In the meantime, I'm very much out of the loop on everything. I found some suitable hay at a suitable price. I have a temporary fencing option and have posted for your opinions for permenant fencing and shelter options. We bought a Ford tractor and have cleared the back 2 acres, preparing for pasture, but we have so much to do and not so much as a barn!

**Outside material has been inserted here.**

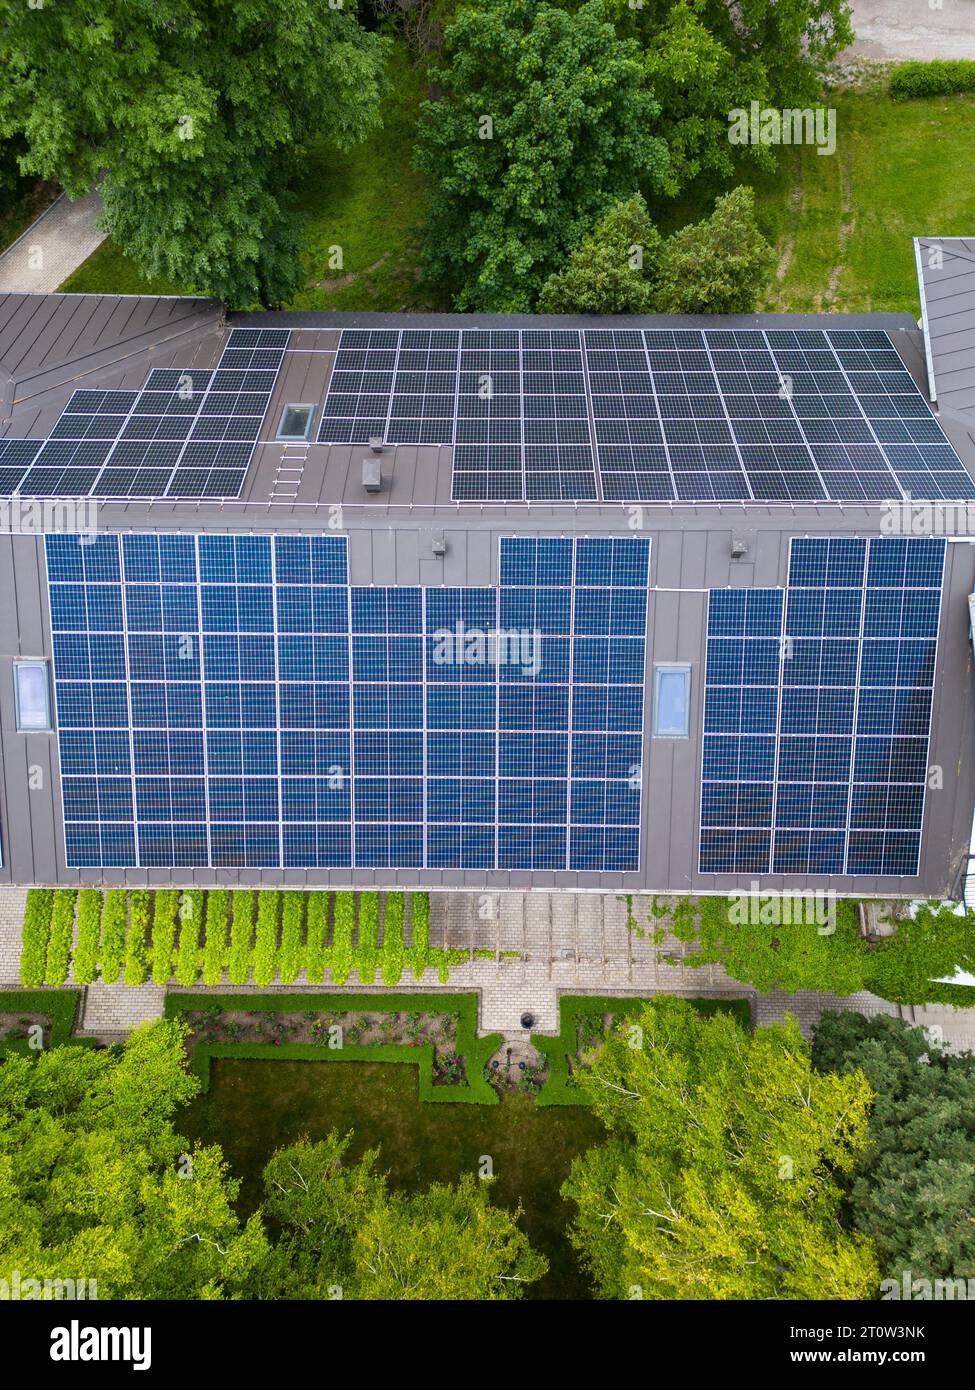 La casa moderna con un techo diseñado como un gran panel solar, que combina estilo y sostenibilidad. Su diseño elegante y funcional aprovecha el sol Foto de stock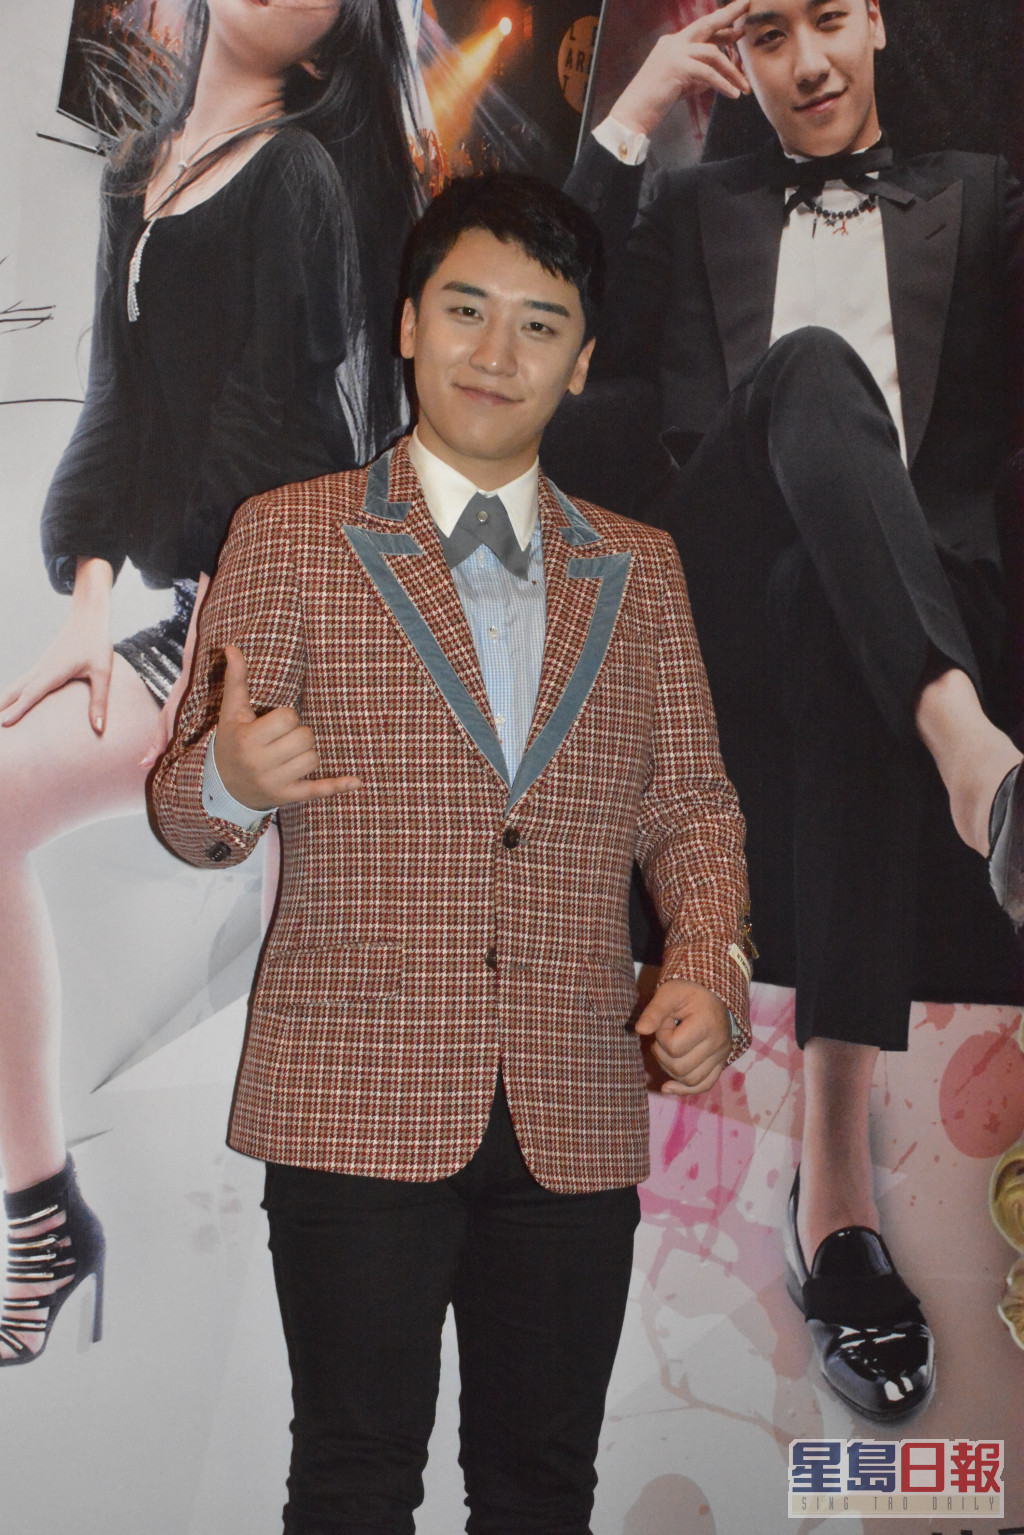 台灣網民普遍估係BIGBANG前成員勝利。

Sorry this is such a long intro! It's nice to meet you all.


----------



## jazzyrider (Sep 16, 2007)

hi, welcome to the forum 

im sure youll find all the help you need here. anything you need to know, just ask  theres a dozen people at any time just about ready to answer your questions


----------



## PoptartShop (Jul 25, 2010)

Welcome to the Horse Forum.  This forum's very informative & helpful. Have fun posting!


----------



## buckaroo2010 (Nov 7, 2007)

Welcome


----------



## 3neighs (Jul 15, 2008)

Welcome! You've come to the right place! You'll get lots of answers here. How exciting to be bringing your boy home!


----------



## Michigan Horse Mom (Jul 29, 2008)

Thanks for all of the welcomes
3neighs - what part of michigan are you from?


----------



## Kirsti Arndt (Jun 23, 2008)

welcome busy lady!!! from your neighbor in Illinois
how about this humidity eh? wonderful your horse is coming home


----------



## 3neighs (Jul 15, 2008)

> 3neighs - what part of michigan are you from?


The very southernmost part of the state. A hop, skip and a jump into OH and IN.


----------